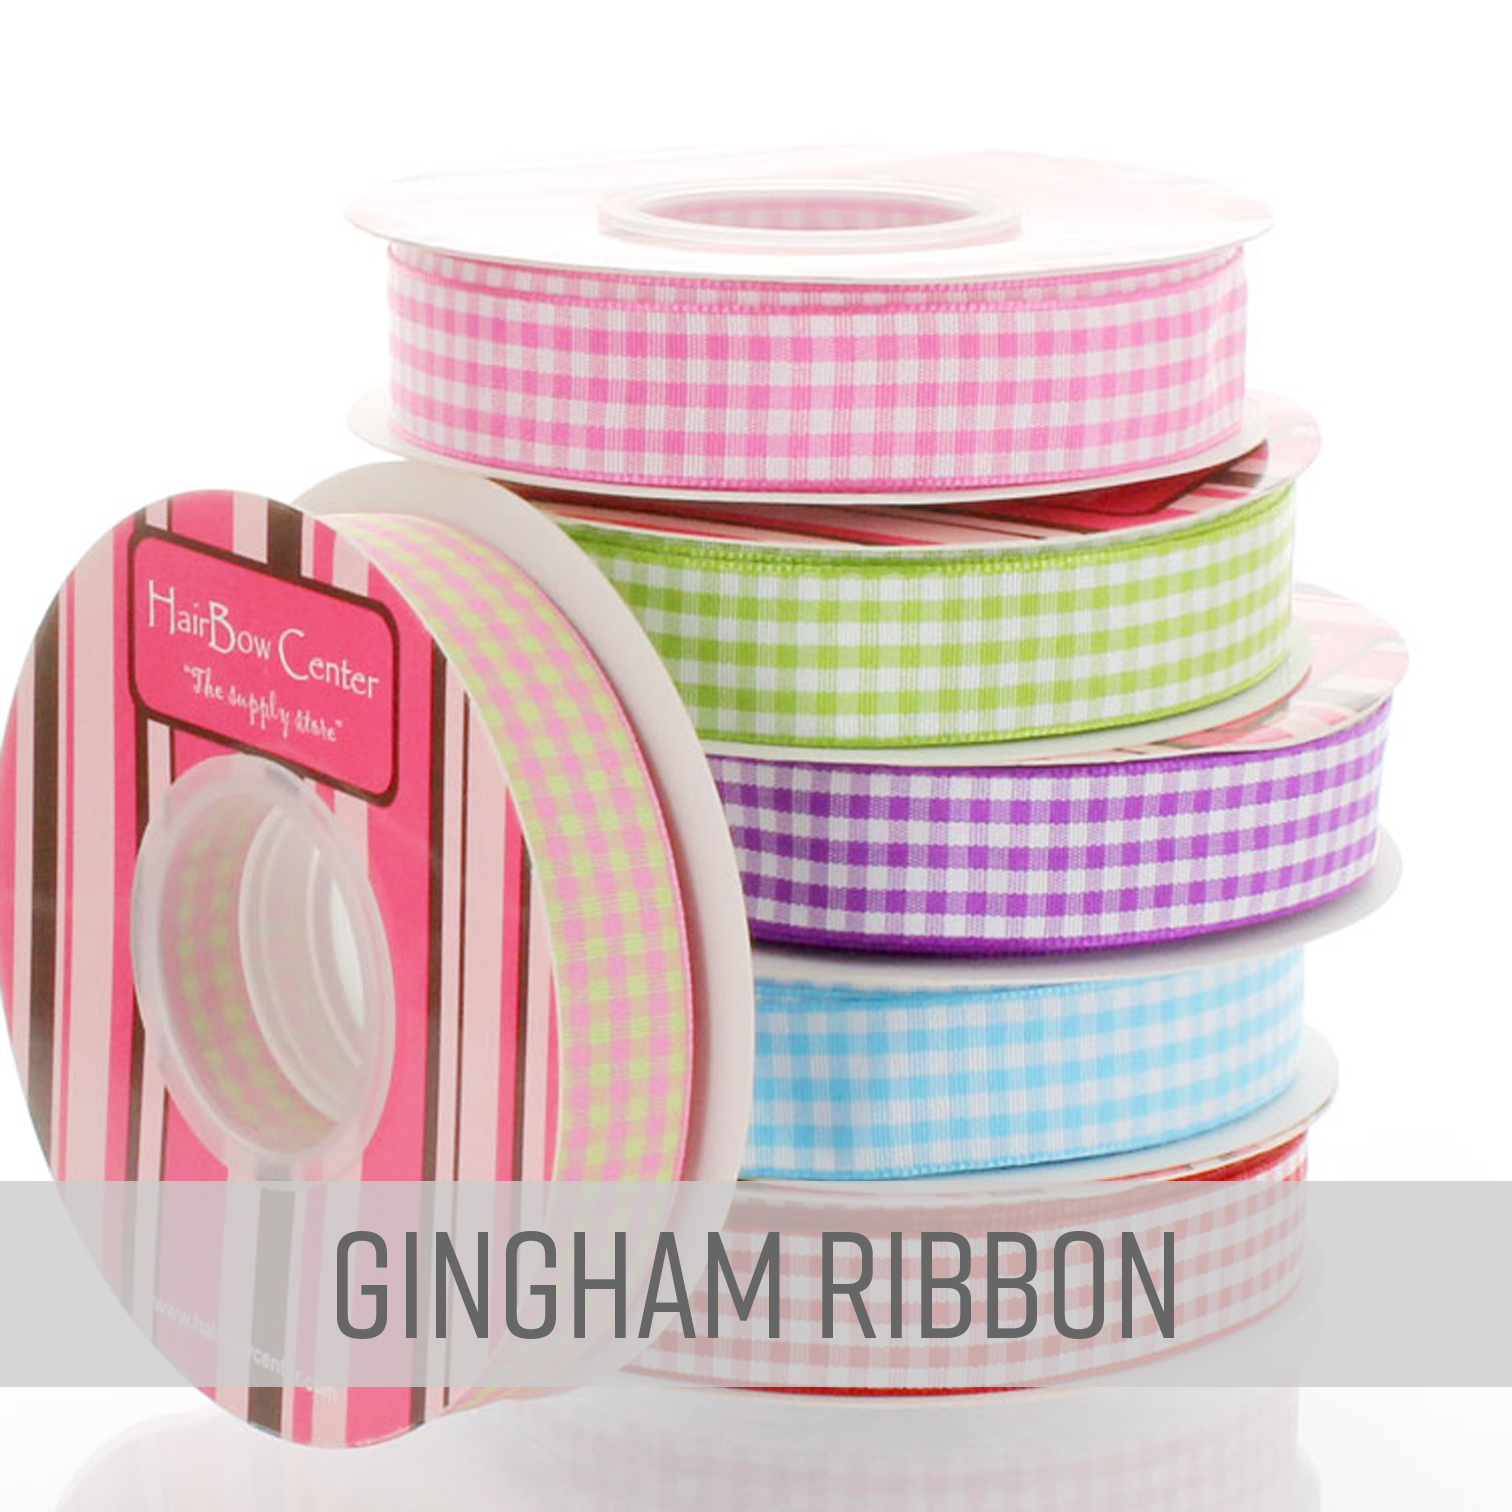 Gingham Ribbon
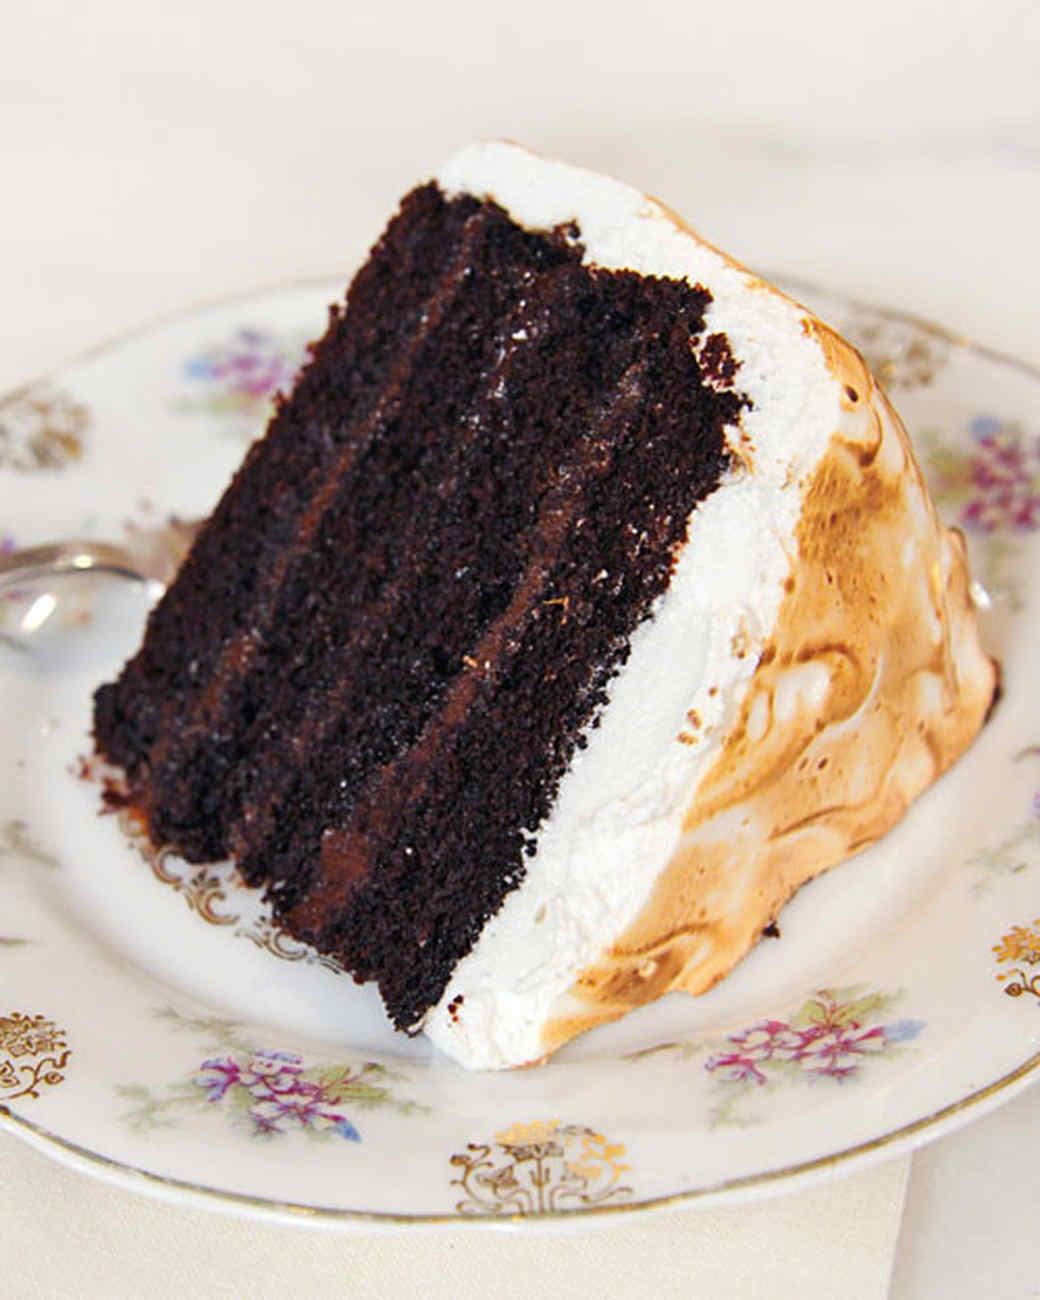 6097_020811_cake.jpg
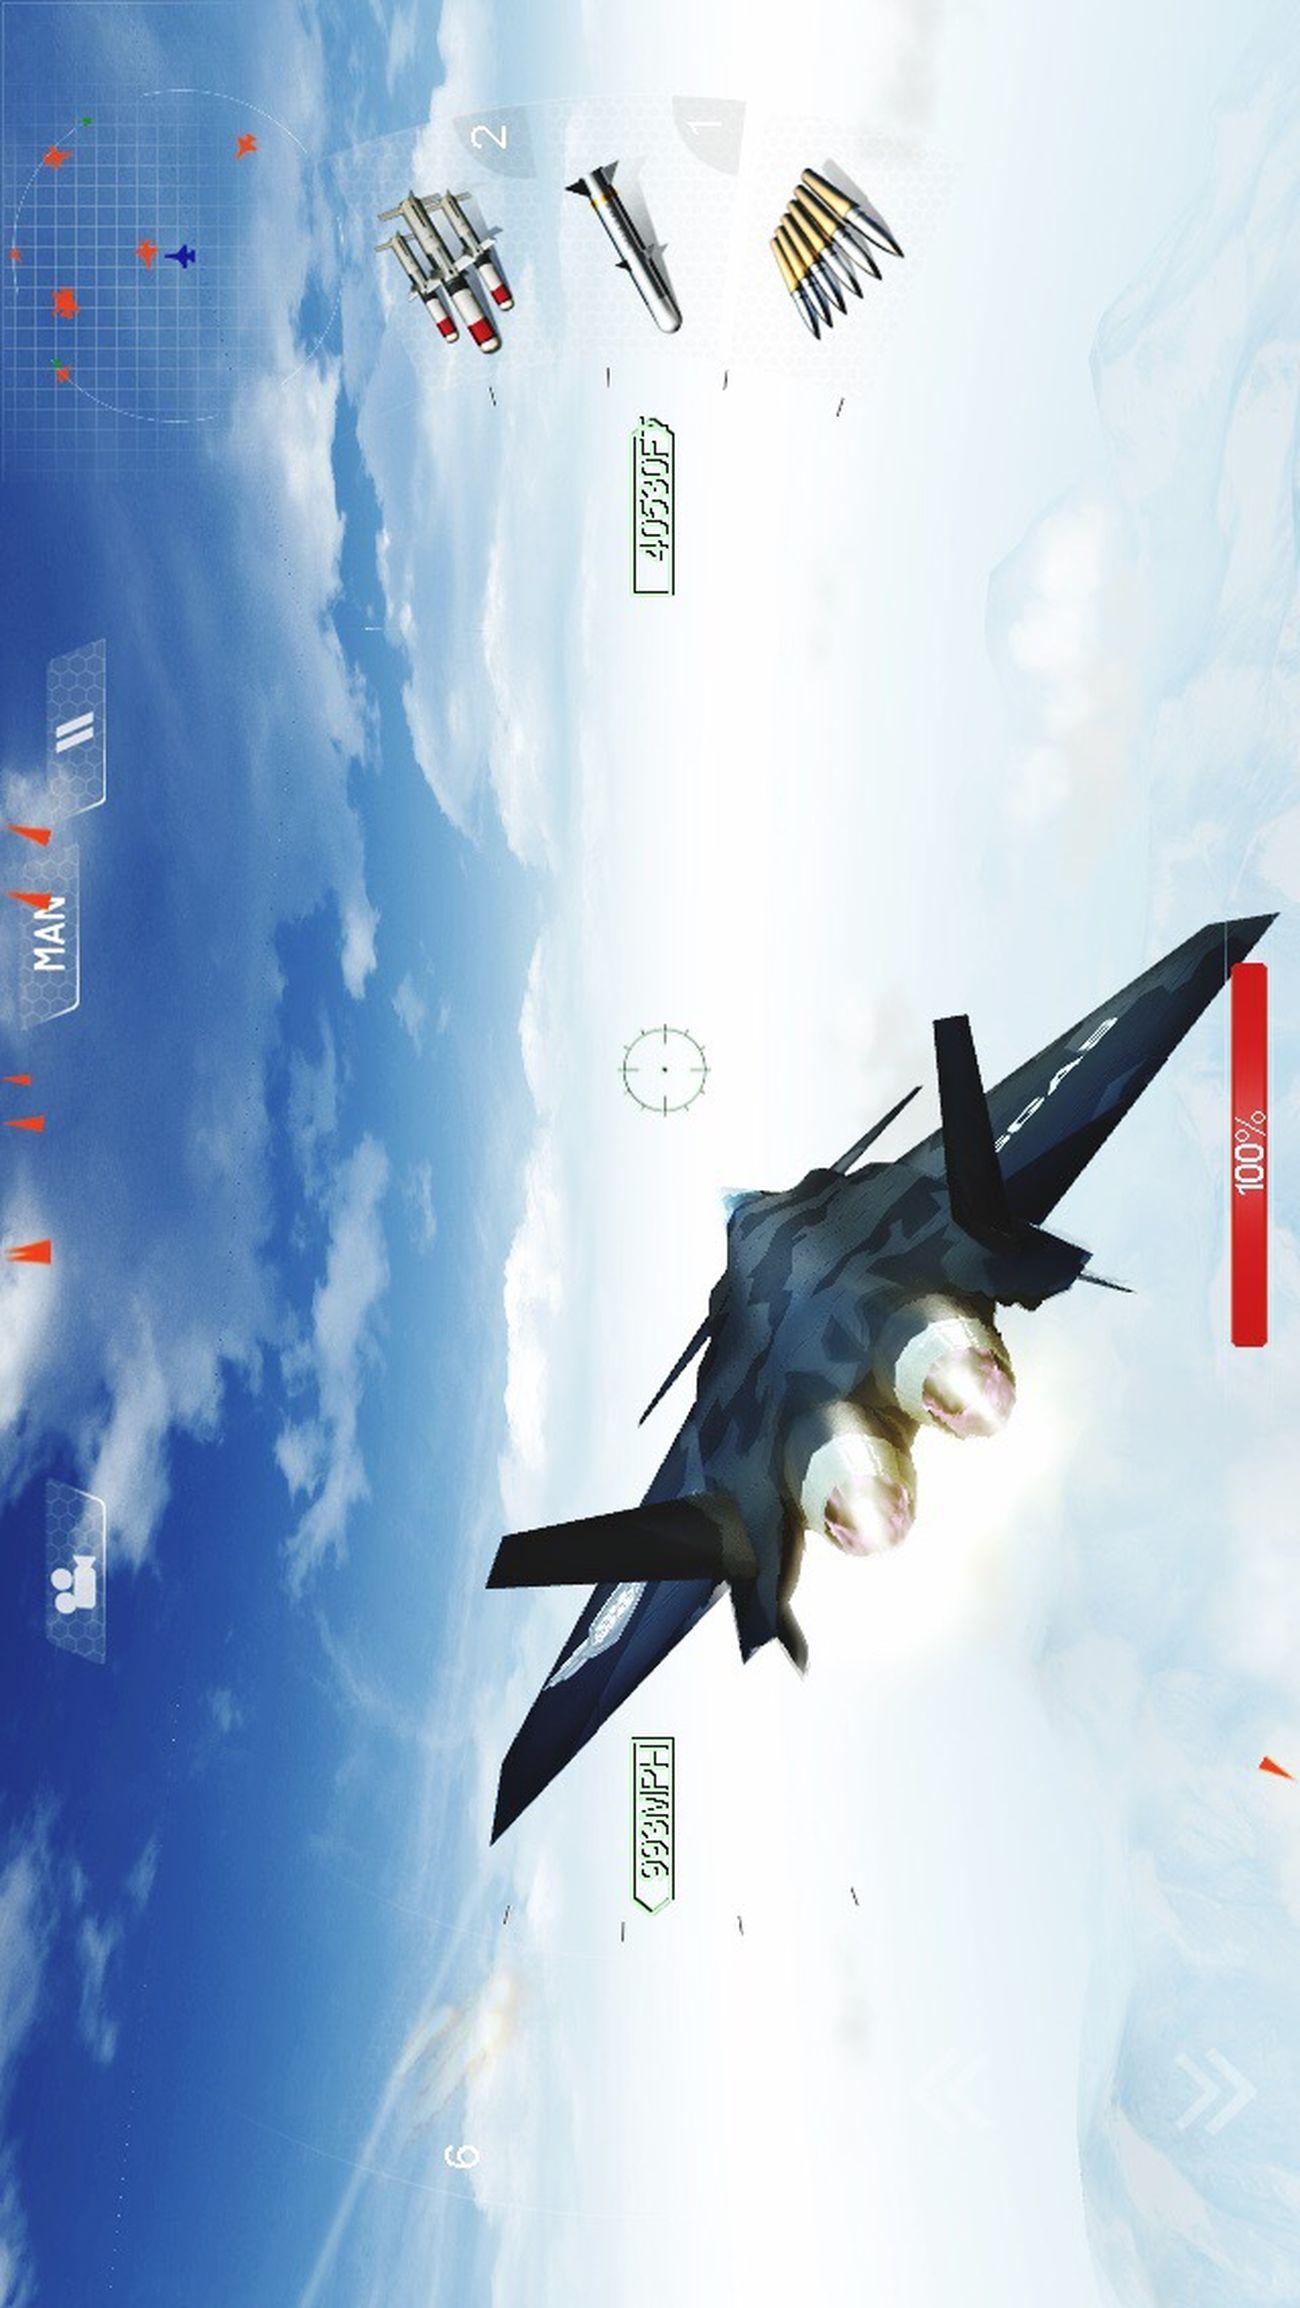 J20 Fighter Plane Fighterplane Game Sky Collection EyeEm Games 好消息好消息 j20提前加入共和国空军序列 现正赶往南海海域迎战霸天虎

------------------------

Assignment:
Send back the data above word for word, with the pictures left out.

Answer to this task:
 Gingham Ribbon
 6097_020811_cake.jpg
 J20 Fighter Plane Fighterplane Game Sky Collection EyeEm Games 好消息好消息 j20提前加入共和国空军序列 现正赶往南海海域迎战霸天虎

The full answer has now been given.